# [DATASET EXTRACT]
====
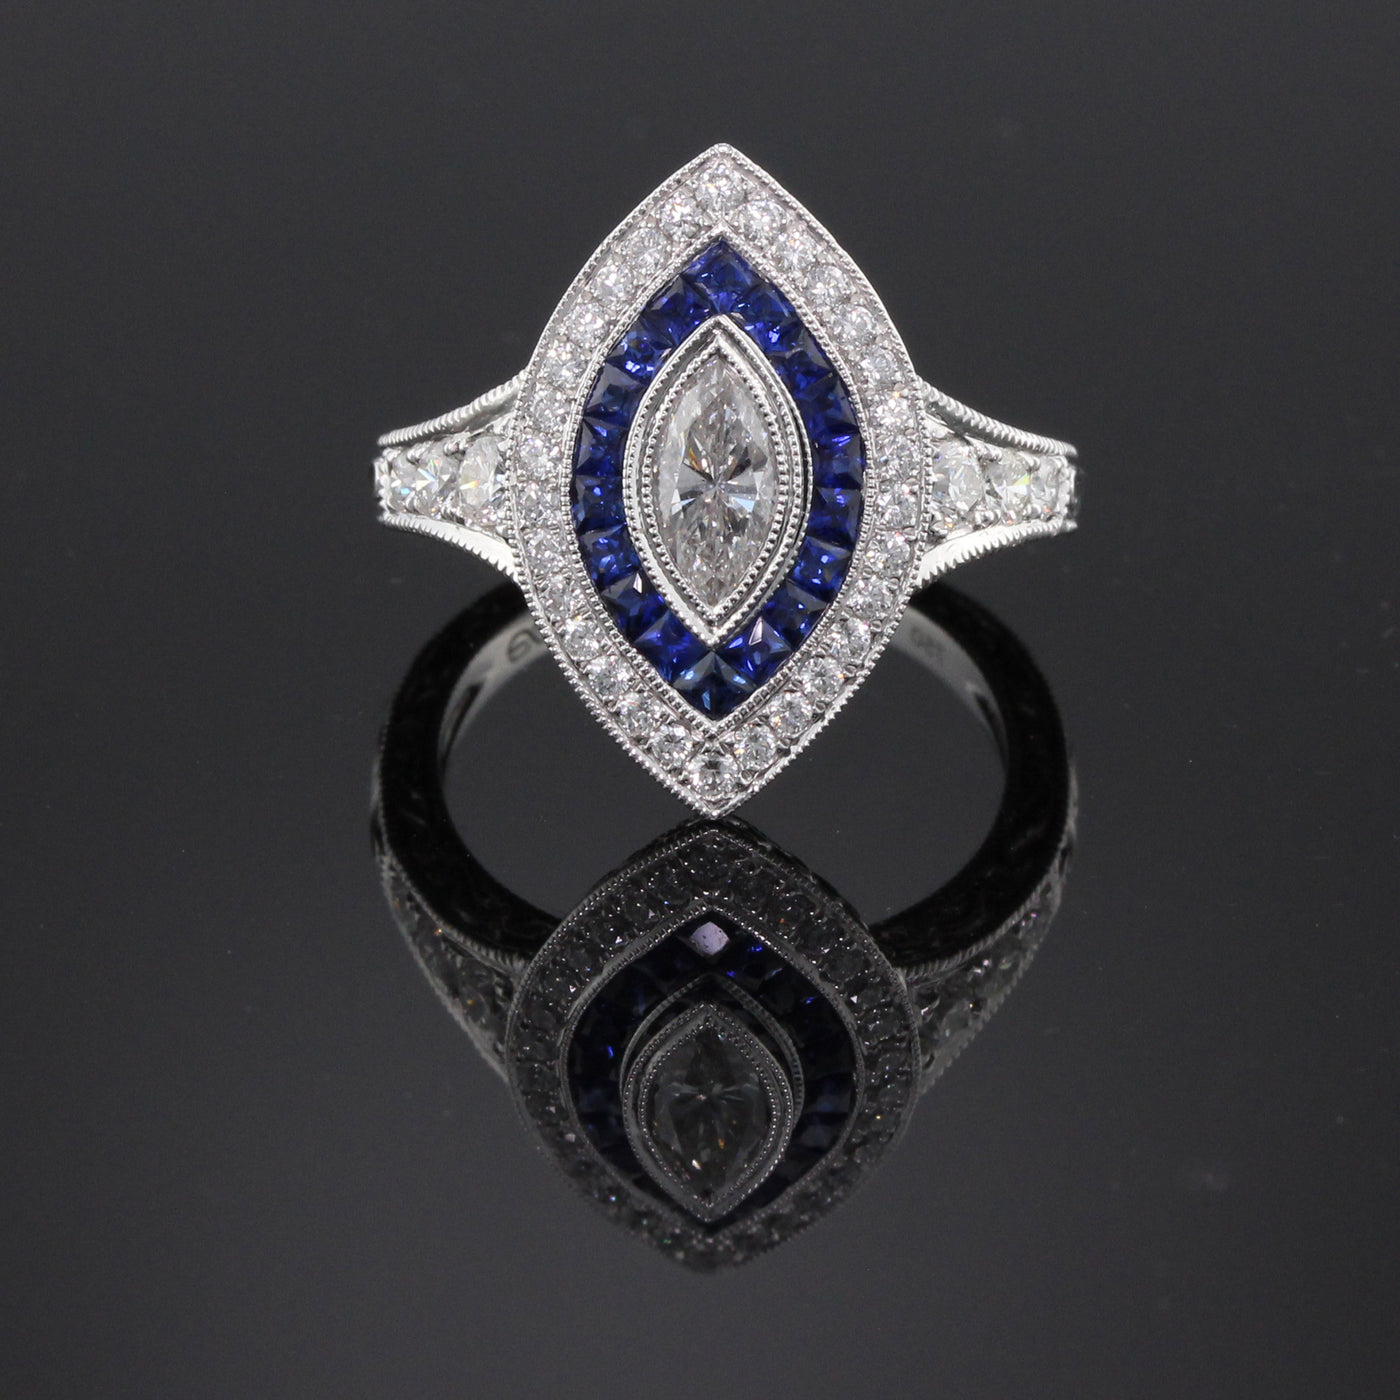 Art Deco Inspired 18K White Gold GIA Marquise Diamond & Sapphire Ring - The Antique Parlour
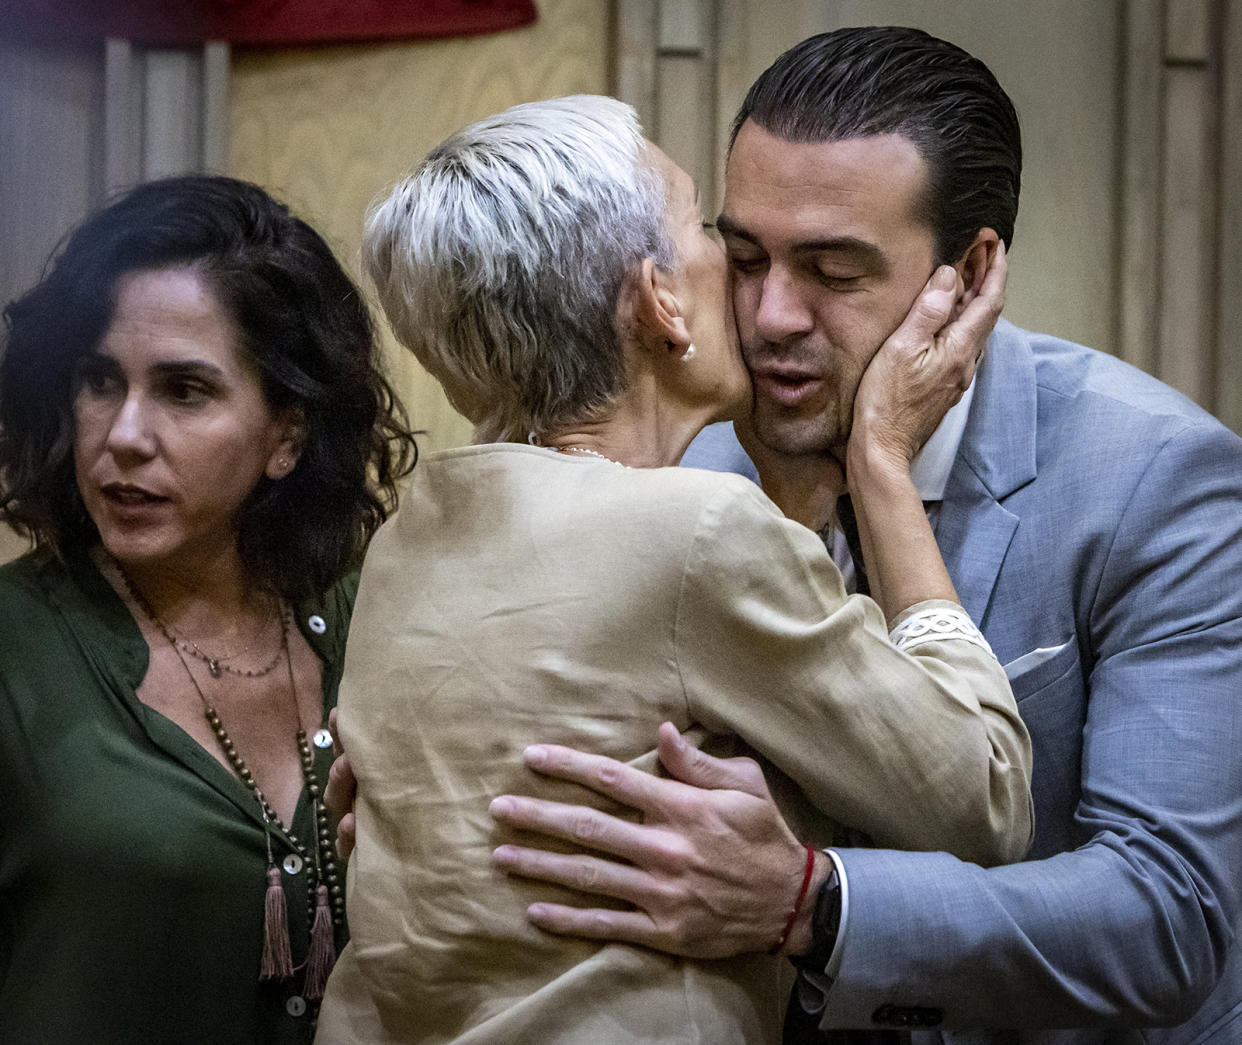 Pablo Lyle, right, gets a kiss from his aunt before the start of pre-trial motions in Miami-Dade Criminal Court on Thursday, Sept. 22, 2022, in Miami, Florida. Lyle is accused of killing 63-year-old Juan Ricardo Hernandez during a road rage incident in 2019. (Jose A. Iglesias/Miami Herald/Tribune News Service via Getty Images)
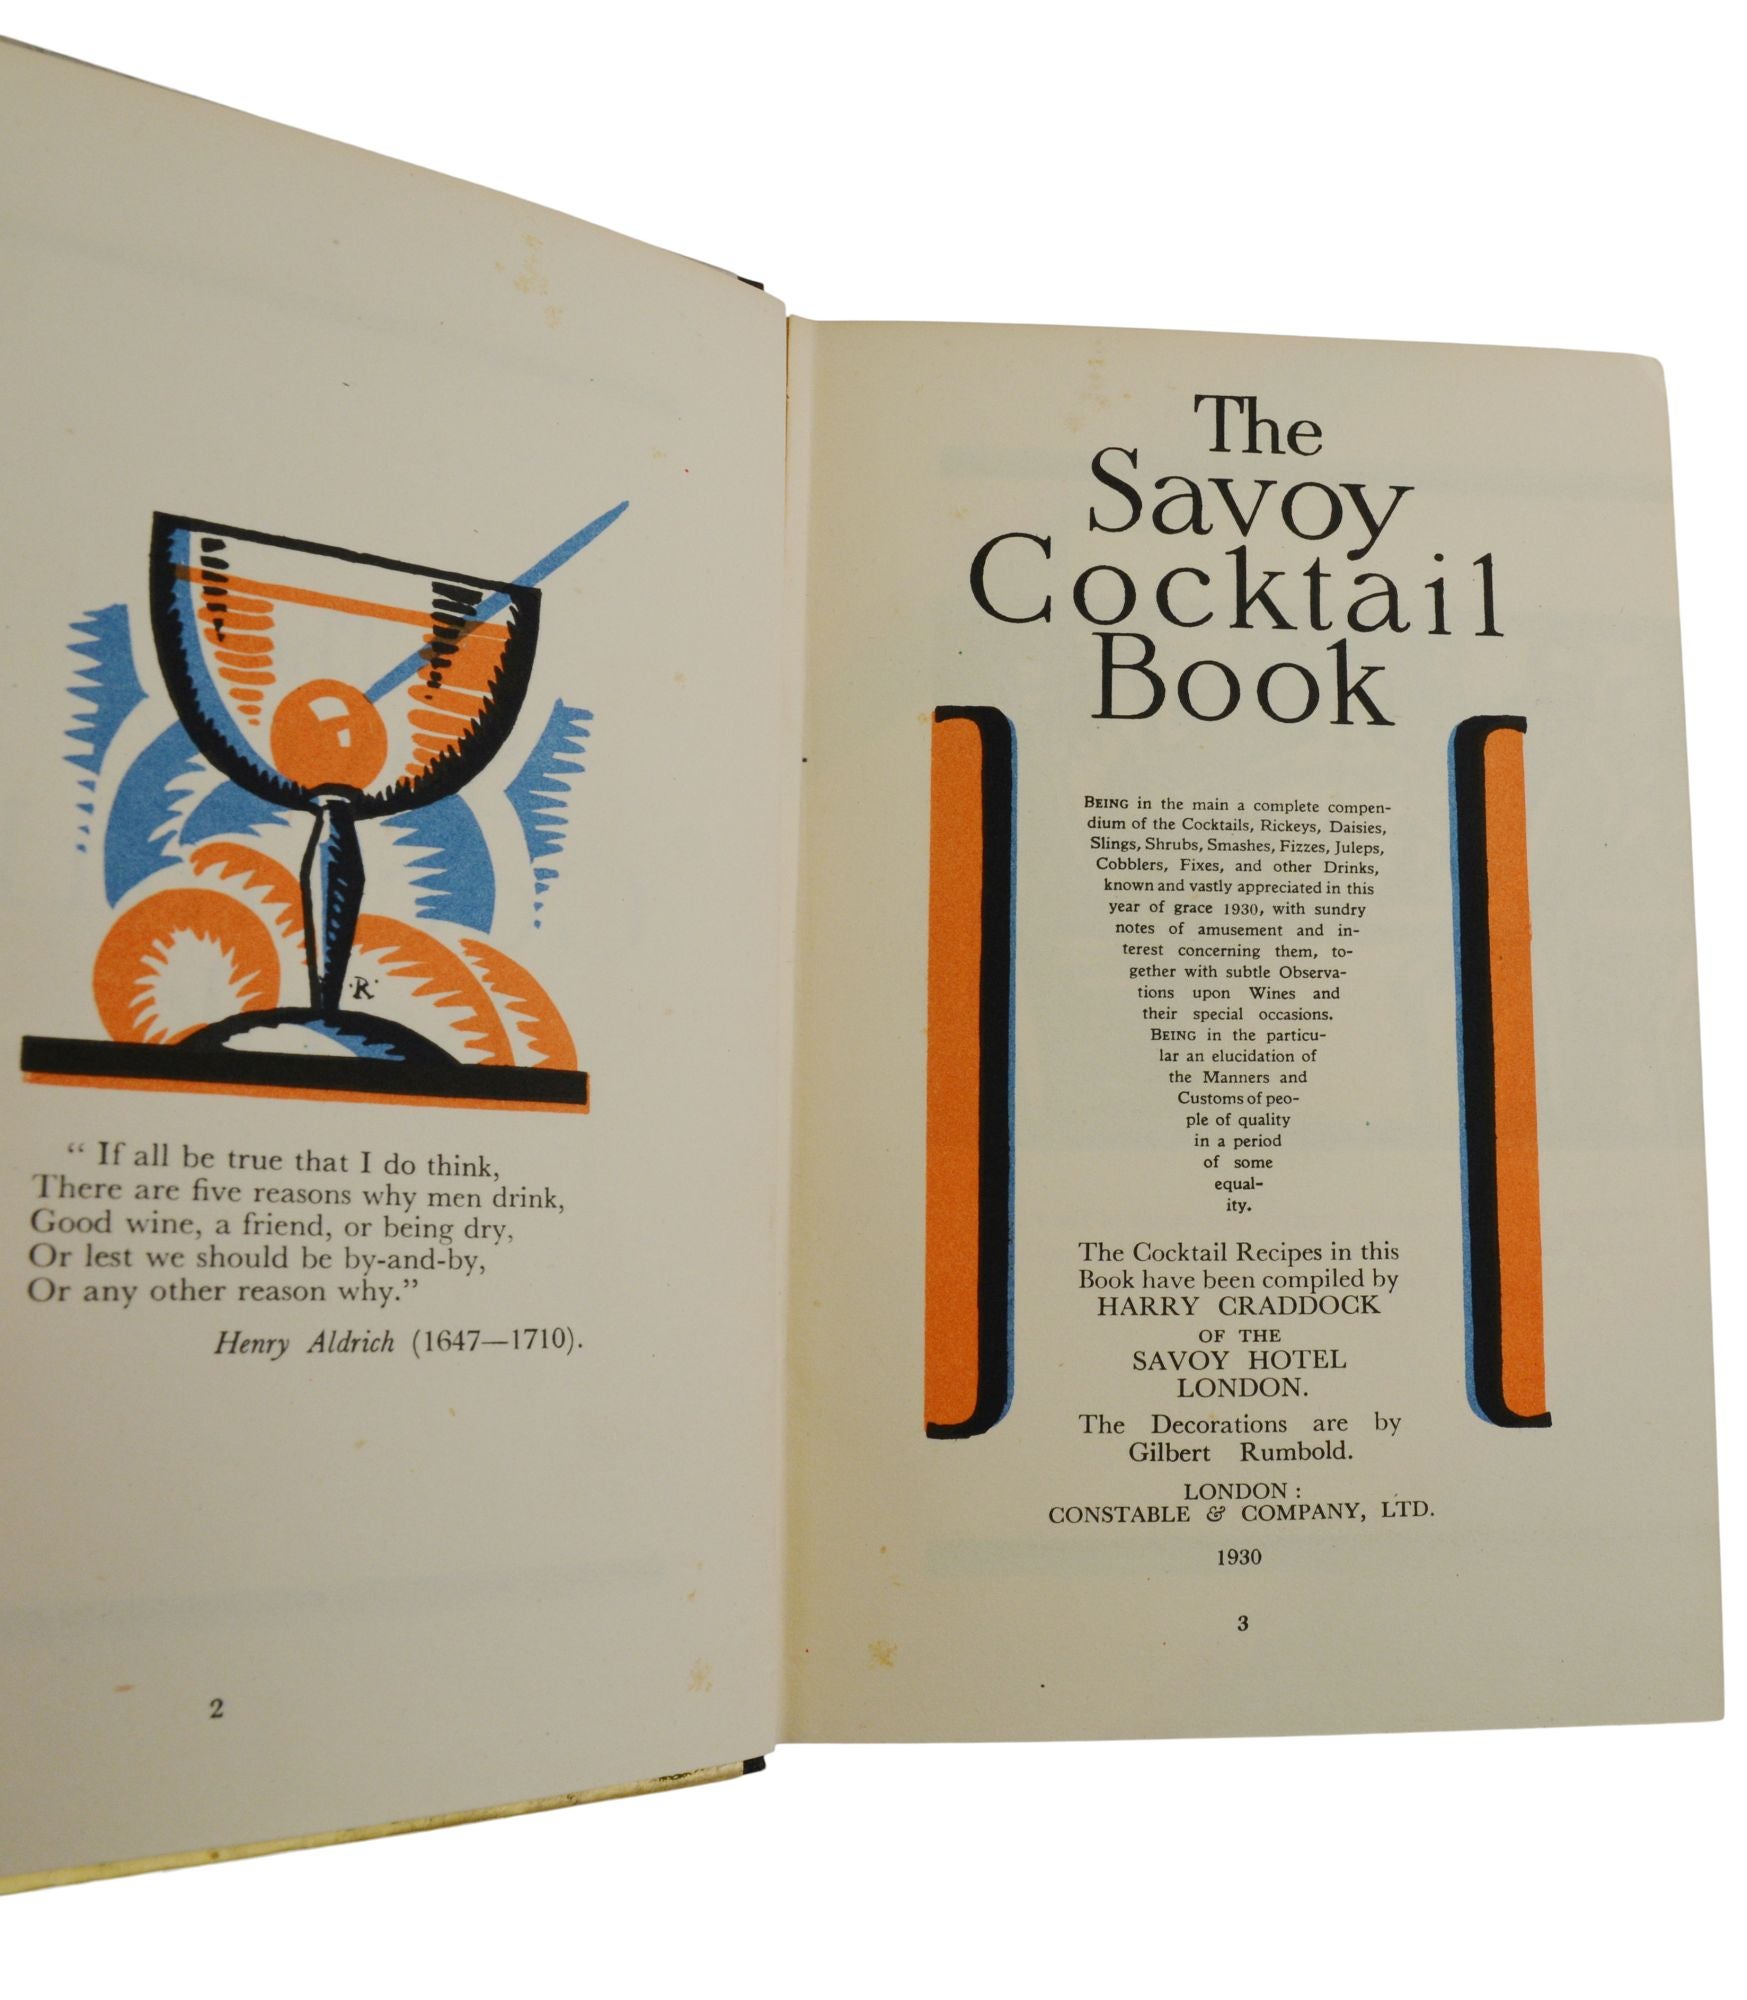 The Savoy Cocktail Book by Harry Craddock on Burnside Rare Books
====
# [WHAT YOU NEED TO DO]
Apart from the pictures, every line of the data above should be given again exactly.

# [TASK RESPONSE]
 Art Deco Inspired 18K White Gold GIA Marquise Diamond & Sapphire Ring - The Antique Parlour
 Pablo Lyle, right, gets a kiss from his aunt before the start of pre-trial motions in Miami-Dade Criminal Court on Thursday, Sept. 22, 2022, in Miami, Florida. Lyle is accused of killing 63-year-old Juan Ricardo Hernandez during a road rage incident in 2019. (Jose A. Iglesias/Miami Herald/Tribune News Service via Getty Images)
 The Savoy Cocktail Book by Harry Craddock on Burnside Rare Books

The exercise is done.